Source material:
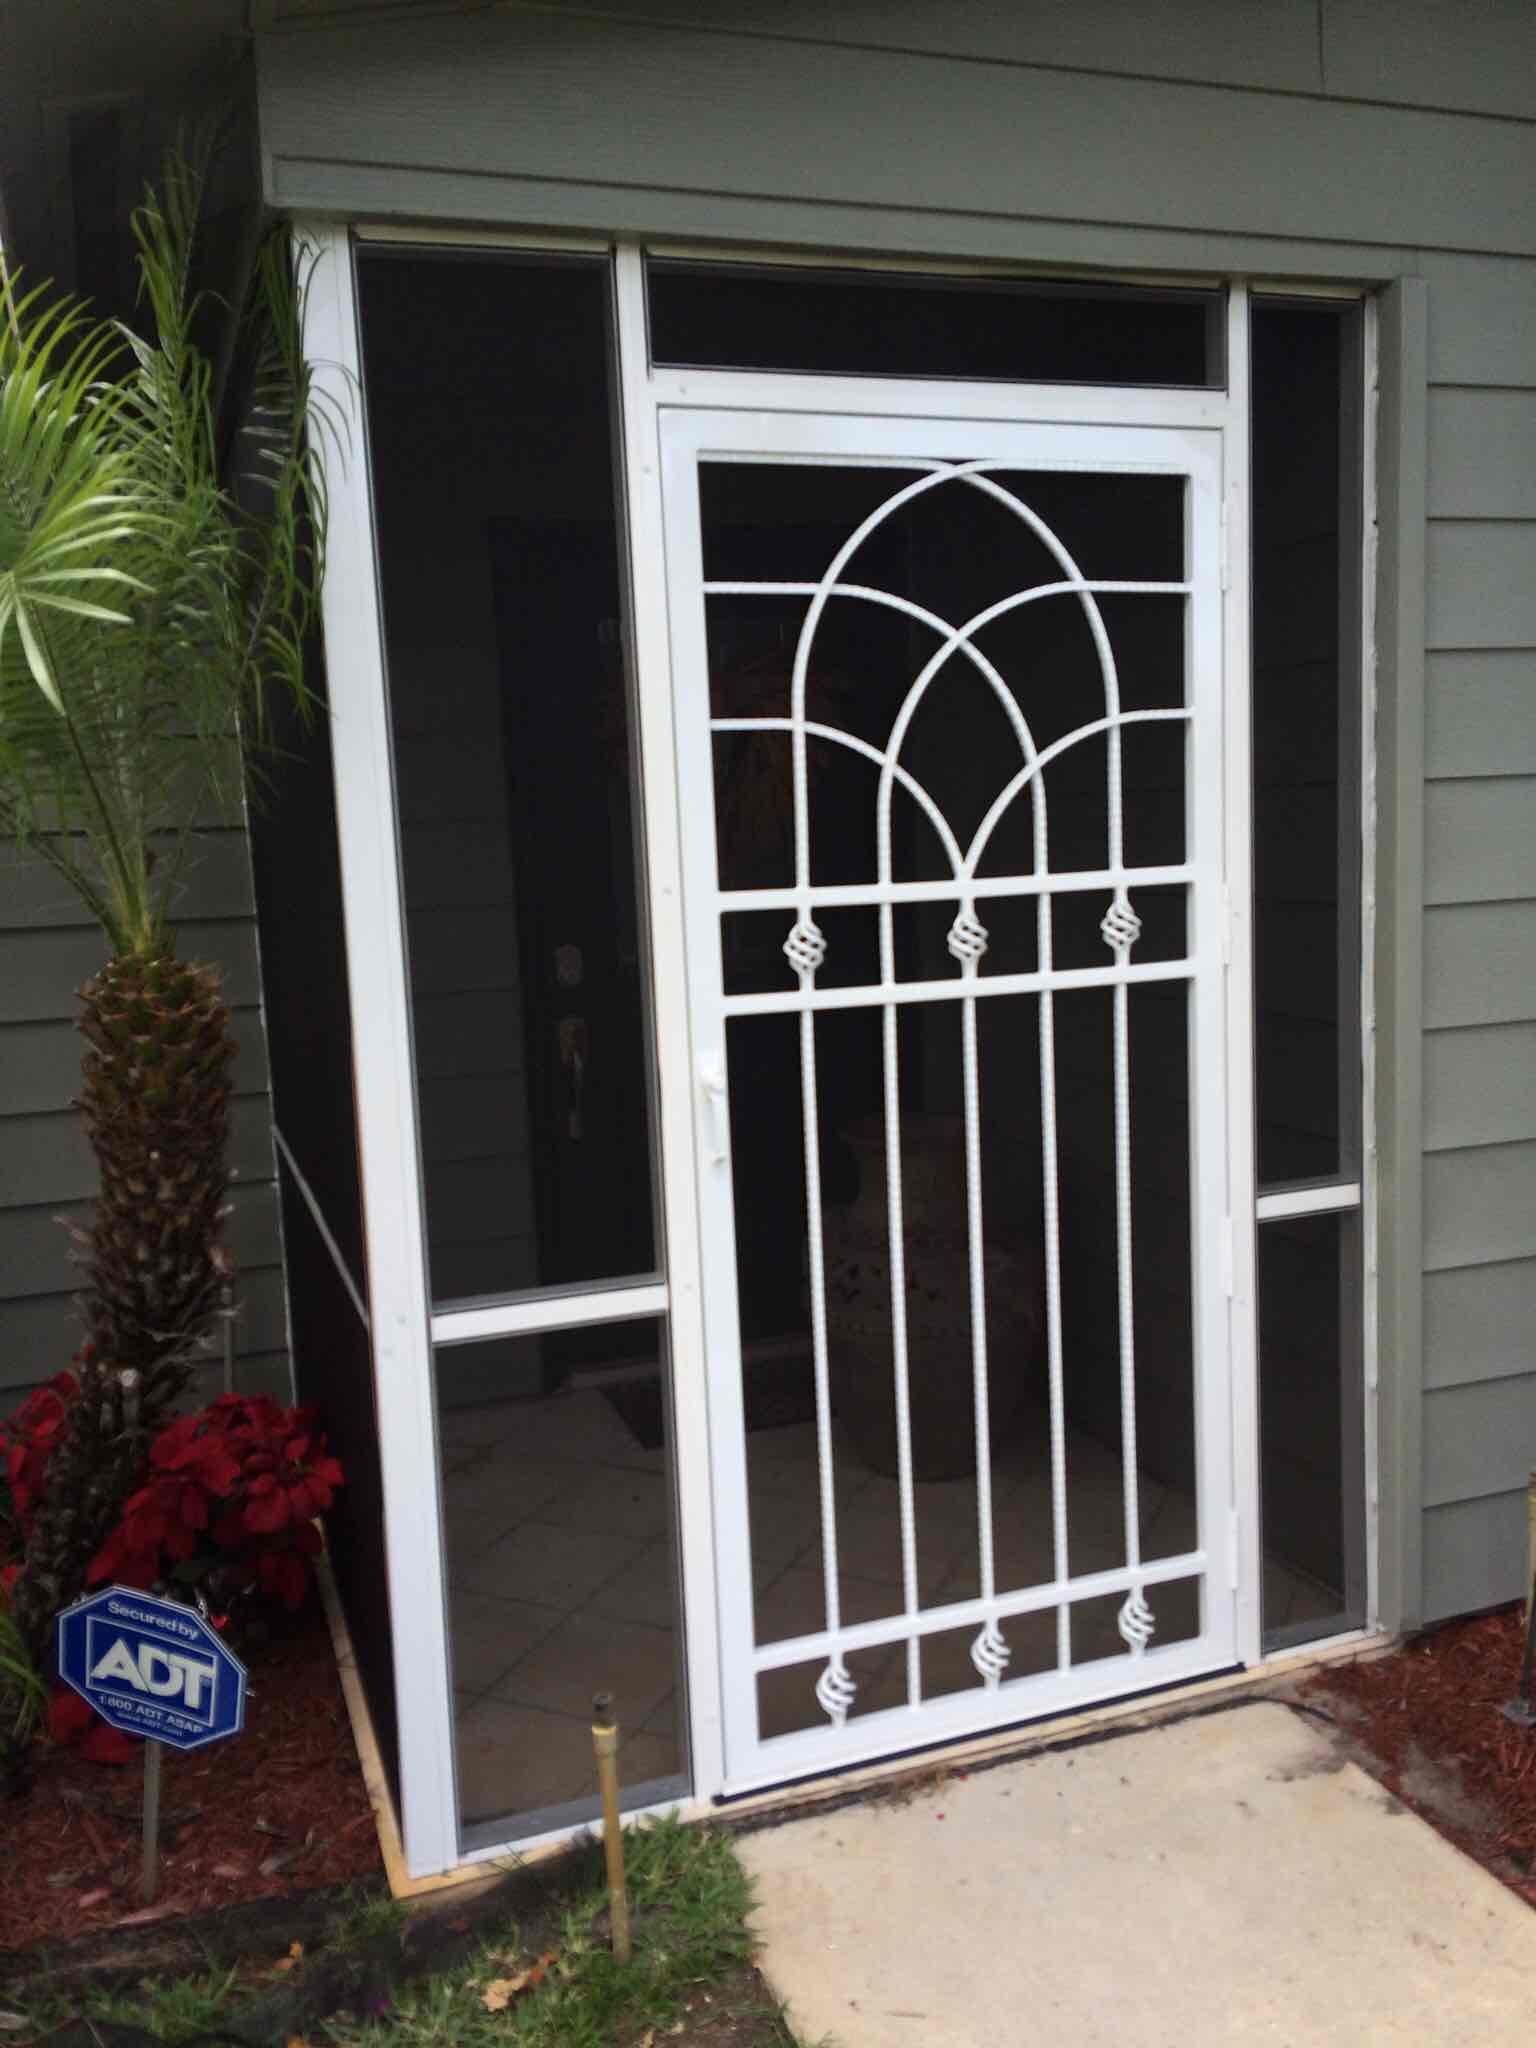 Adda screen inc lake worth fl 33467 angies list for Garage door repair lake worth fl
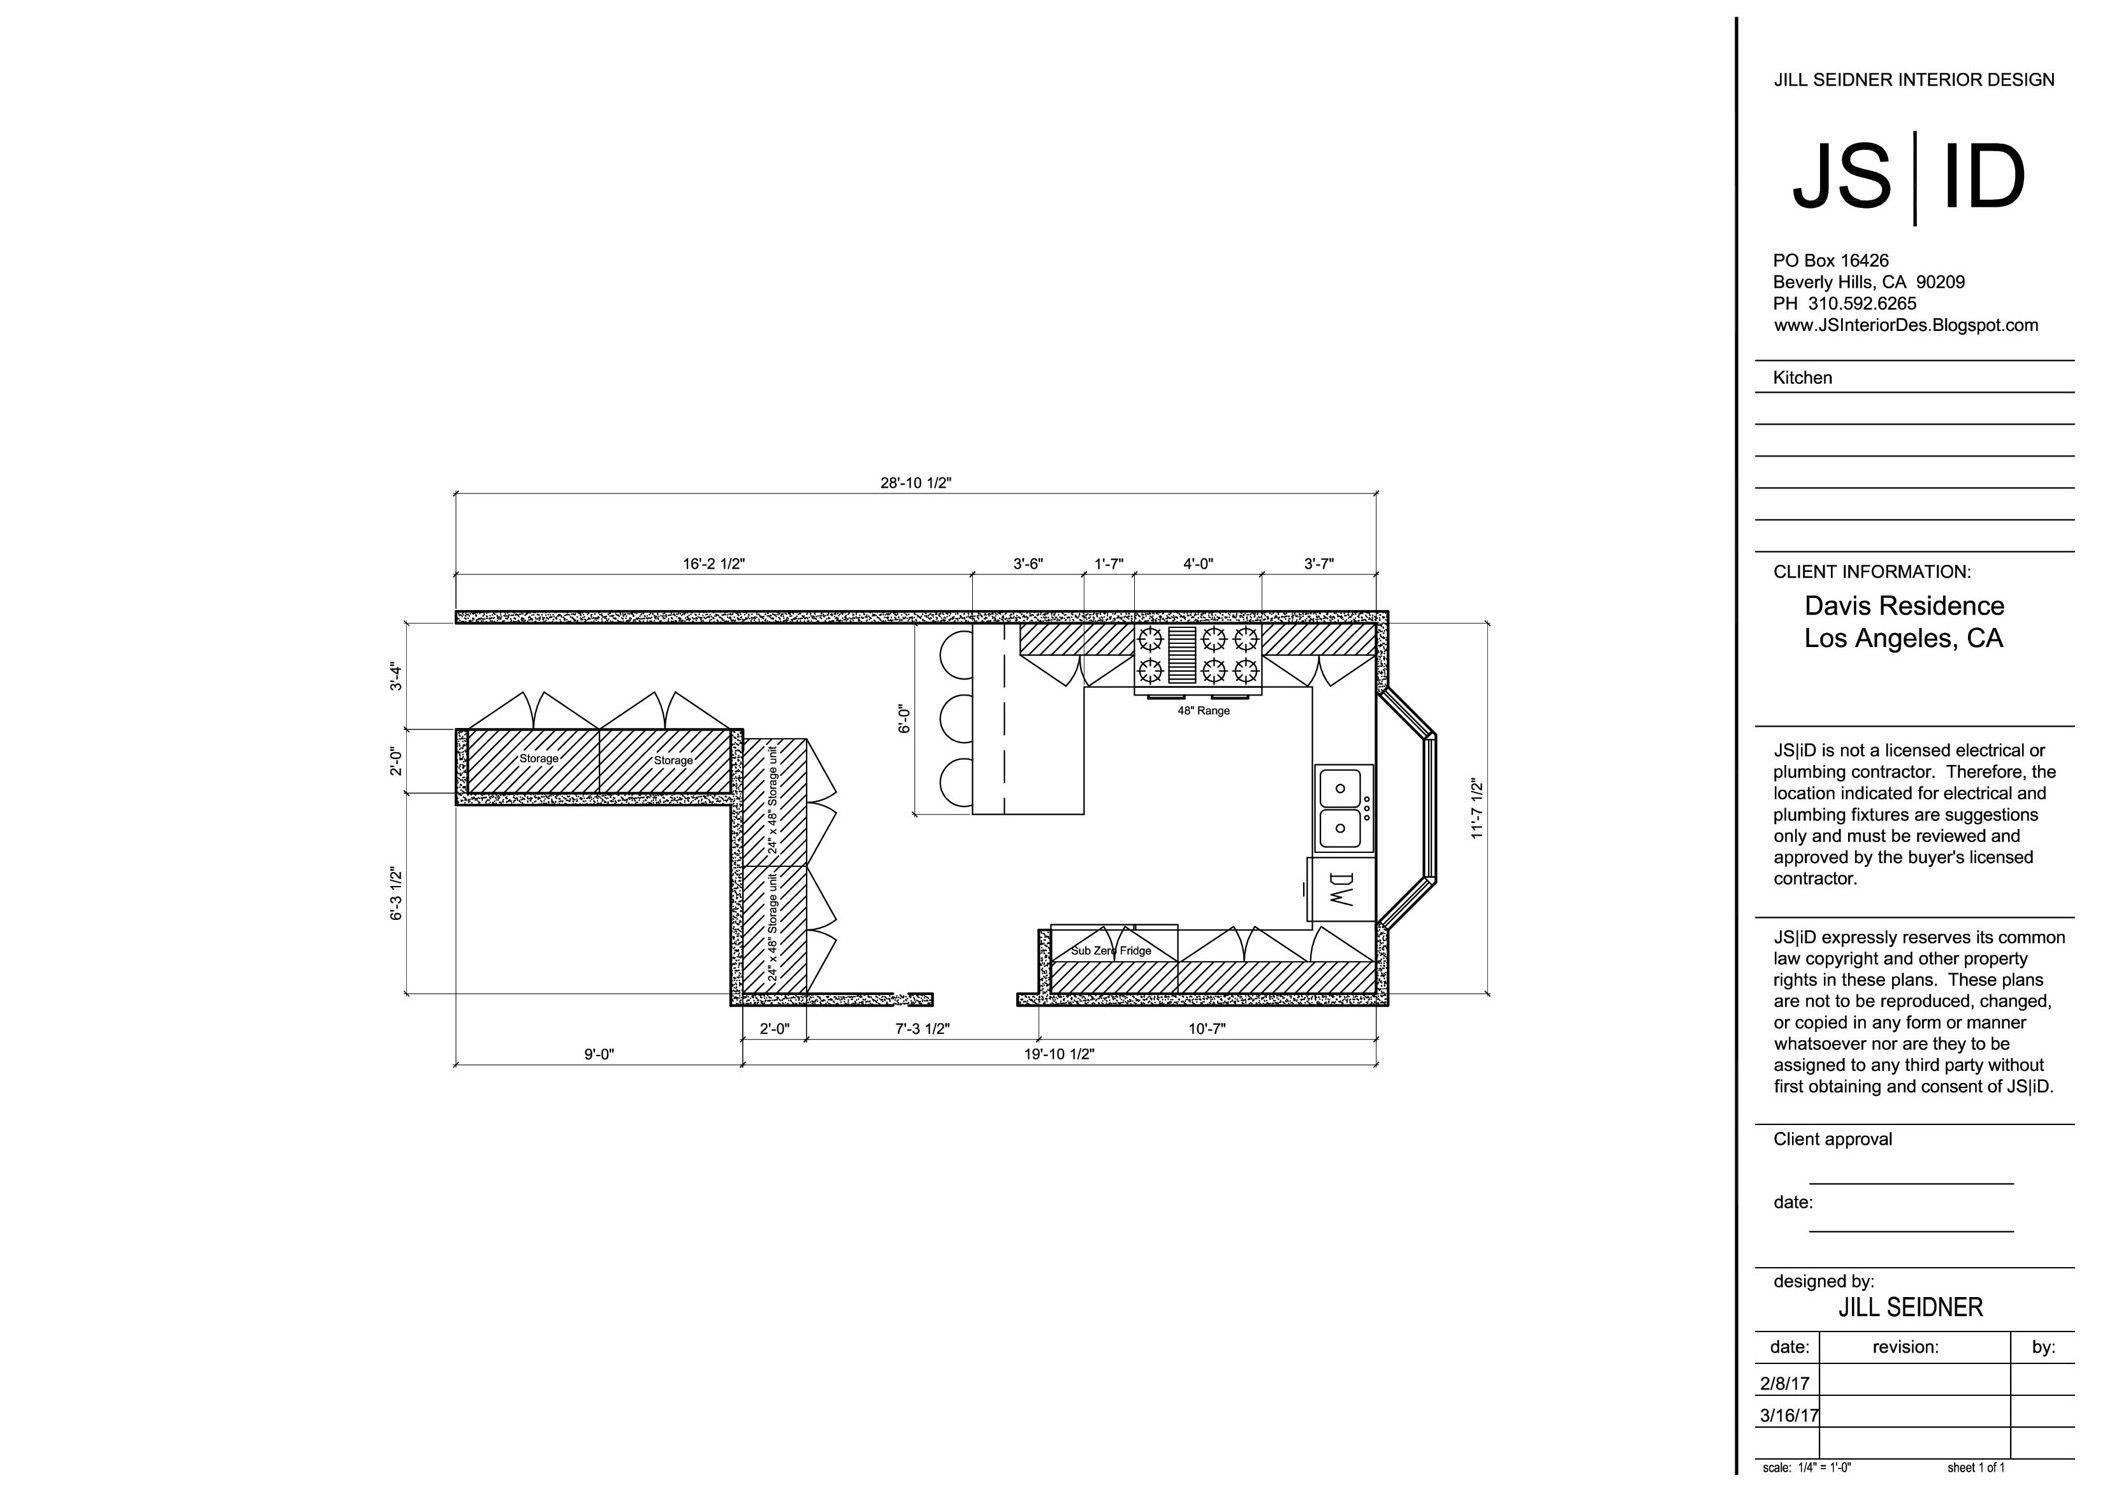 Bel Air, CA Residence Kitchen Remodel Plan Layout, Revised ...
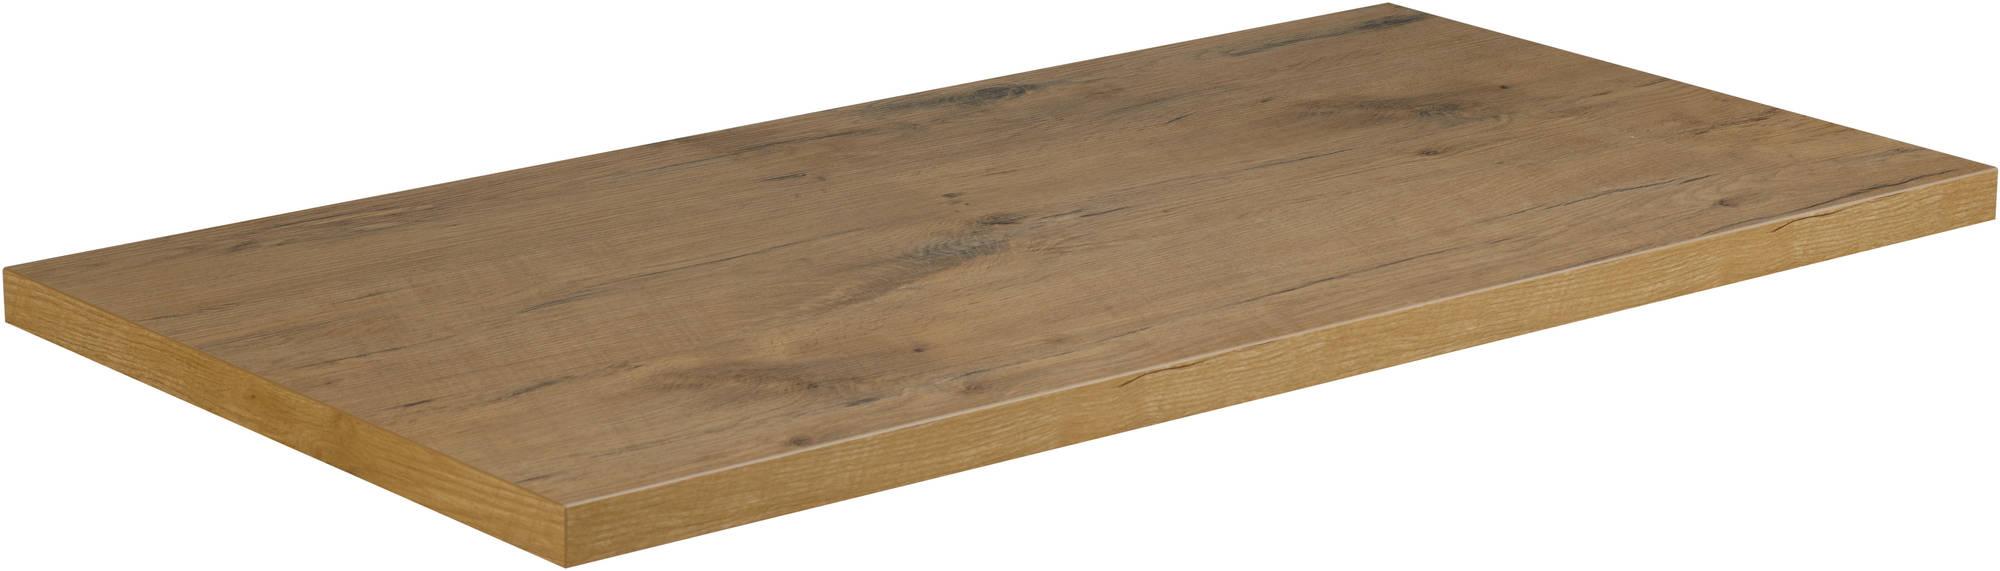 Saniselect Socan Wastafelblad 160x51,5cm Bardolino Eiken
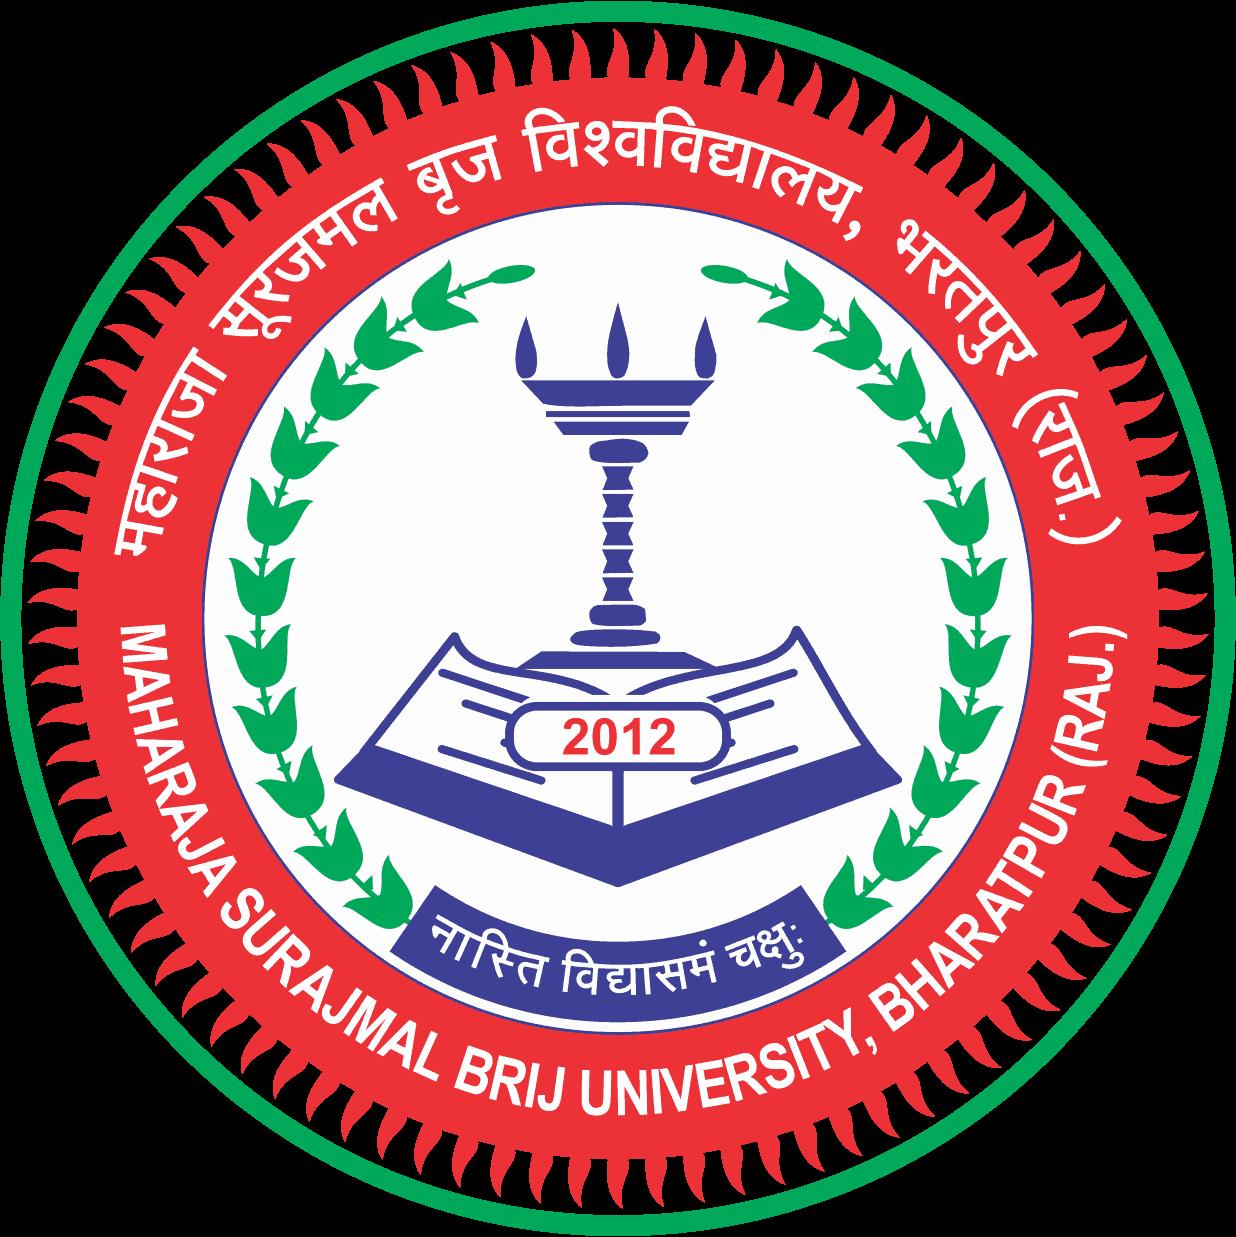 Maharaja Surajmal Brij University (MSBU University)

Exercise objective: Your copy must consist solely of the lines from the one containing "Bel Air, CA" through the final line of the material above, transcribed exactly, with the pictures left out.

The completed task:
 Bel Air, CA Residence Kitchen Remodel Plan Layout, Revised ...
 Saniselect Socan Wastafelblad 160x51,5cm Bardolino Eiken
 Maharaja Surajmal Brij University (MSBU University)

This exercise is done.